Чудесный день сегодня. Разве не так? Сегодня у тебя рано закончились
операции, ты торопился домой, и вдруг...
- Откуда вы знаете, где я работаю и когда закончил оперировать?
- Все это элементарно, Антон. Просто я читаю твои мысли. Но не
торопись с умозаключениями. Хочешь кофе?
- Благодарю, не хочу.
- Напрасно отказываешься.
Сухову захотелось встать и уйти. Но любопытство и необычность
ситуации заставляли сидеть.
- Почему напрасно?
- Кофе - напиток бодрости! - патетично воскликнула Гиата. - Разве не
так написано в кафе на Киевской площади?
- Не помню. Я очень редко бываю на Киевской площади.
- И очень редко пьешь кофе... - лукаво смотрела Гиата, и Антон Сухов
сразу почувствовал многозначительную иронию. Он любил кофе давно, и Гиата,
оказывается, и об этом догадывается. А может, даже знает?
- Да, я очень редко пью кофе... на Киевской площади.
- А кофе там чудесный.
- Может, прекратим имитацию непринужденной беседы?

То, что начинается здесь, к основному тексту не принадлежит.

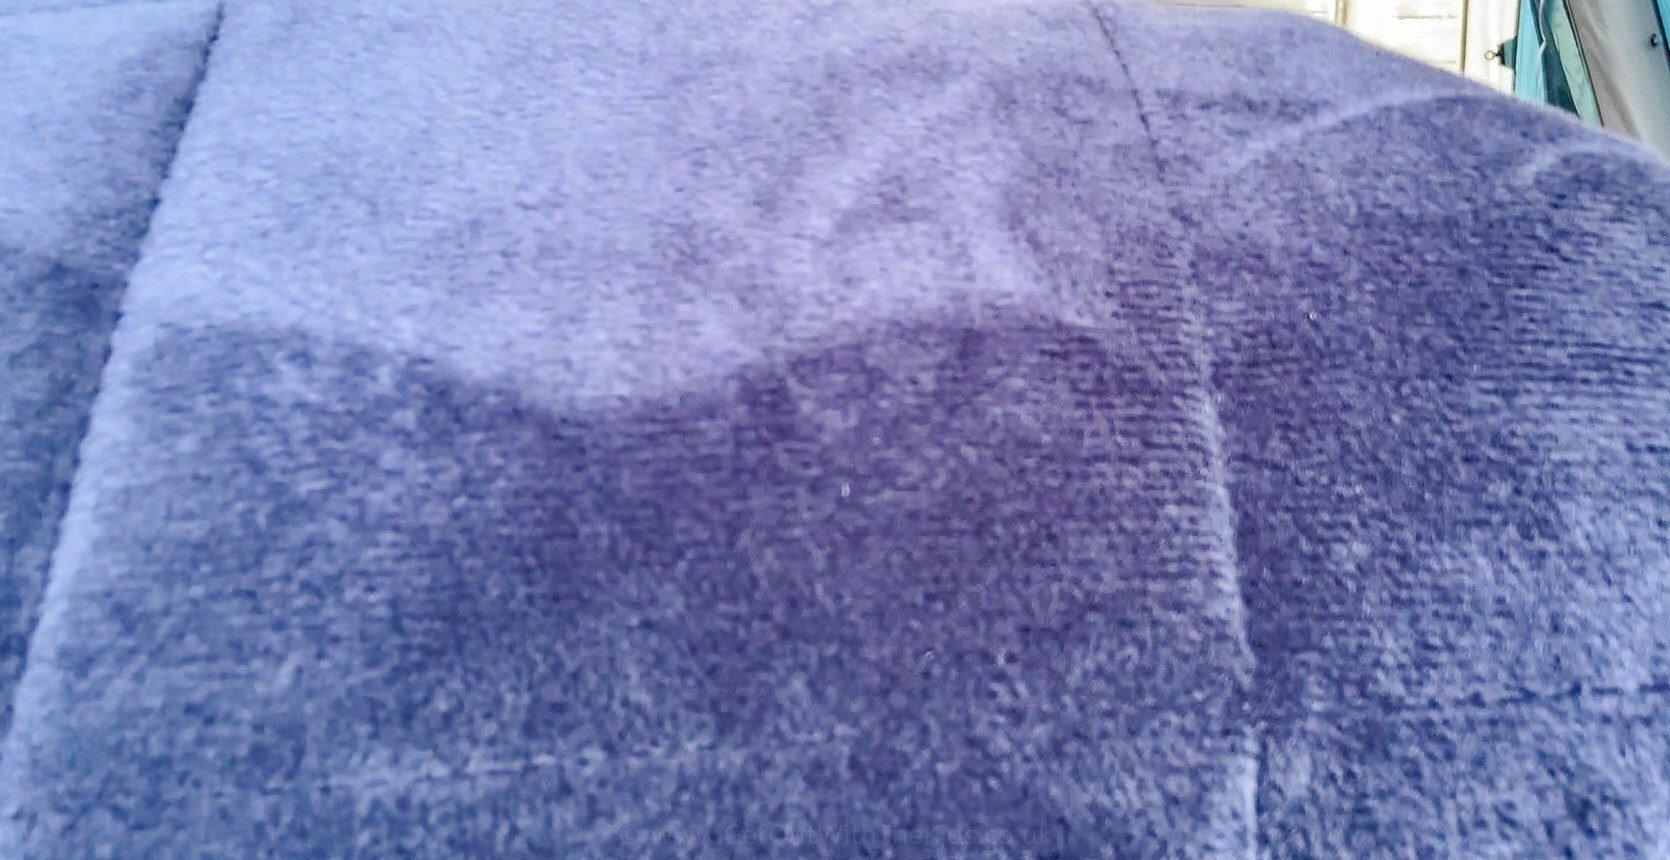 Close-up photo of the fabric top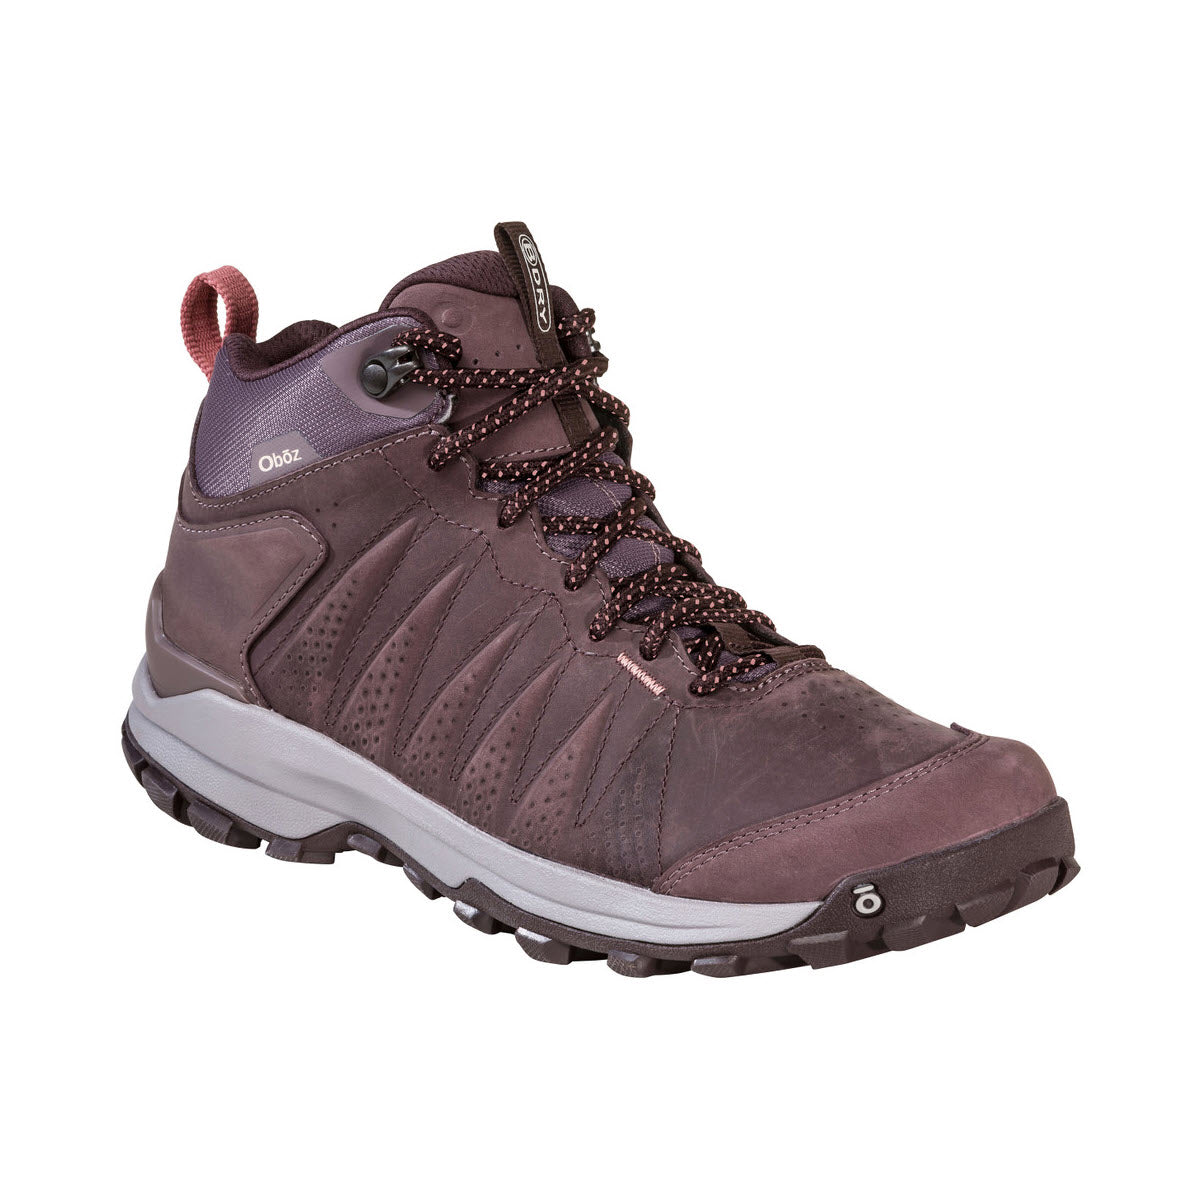 A brown Oboz Sypes Mid Leather hiking boot with purple accents and reinforced ankle support, featuring a rugged Bend Outsole and lace-up closure.

- Почему? - она так прелестно, с таким естественным удивлением
улыбнулась, что у Сухова мурашки пробежали по спине. - А что тебя
интересует, Антон?
- Казалось бы, ты и сама должна знать не только время окончания
операций, но и круг моих интересов, - отчеканил Сухов каждое слово, тоже
переходя на "ты".
- Не преувеличивай моих возможностей. - Гиата блеснула рядами ровных
белых зубов. - Я могу многое. Могу читать твои мысли. Но это еще не все.
Далеко не все.
- Кто ты?
- Гиата Бнос.
- Я сейчас встану и пойду. Если я спросил о тебе, то совсем не для
того, чтобы услышать еще раз твою фамилию.
- А что же ты хотел услышать?
- Собственно говоря, ничего не хотел... Но если я оказался у тебя
дома, да еще таким странным образом, то, может, ты сама хотела что-то мне
сказать?
Гиата снова лукаво улыбнулась.
- Зачем так торопиться? Хочешь кофе?
- Да...
- Вот это уже лучше. Кофе - напиток бодрости. А торопиться никогда не
следует. К тому же у тебя такой прекрасный день сегодня. Легкий день.
Сегодня ты можешь отдыхать душой и телом... Послушай, почему ты такой
взвинченный?
Гиата говорила неторопливо, спокойно, доверительно.
- Чем ты испуган? Ведь ничего особенного не произошло... И тебе не
пристало смущаться в присутствии молодой... очень молодой женщины.
Сухов прикрыл веки.
- Разве мое состояние вызвано присутствием молодой женщины? Кстати,
почему ты подчеркиваешь, что "очень молодой" женщины?
- Ну... Галантного кавалера, как вижу, из тебя не получится, но не
отчаивайся. Не будем распространяться о наших годах.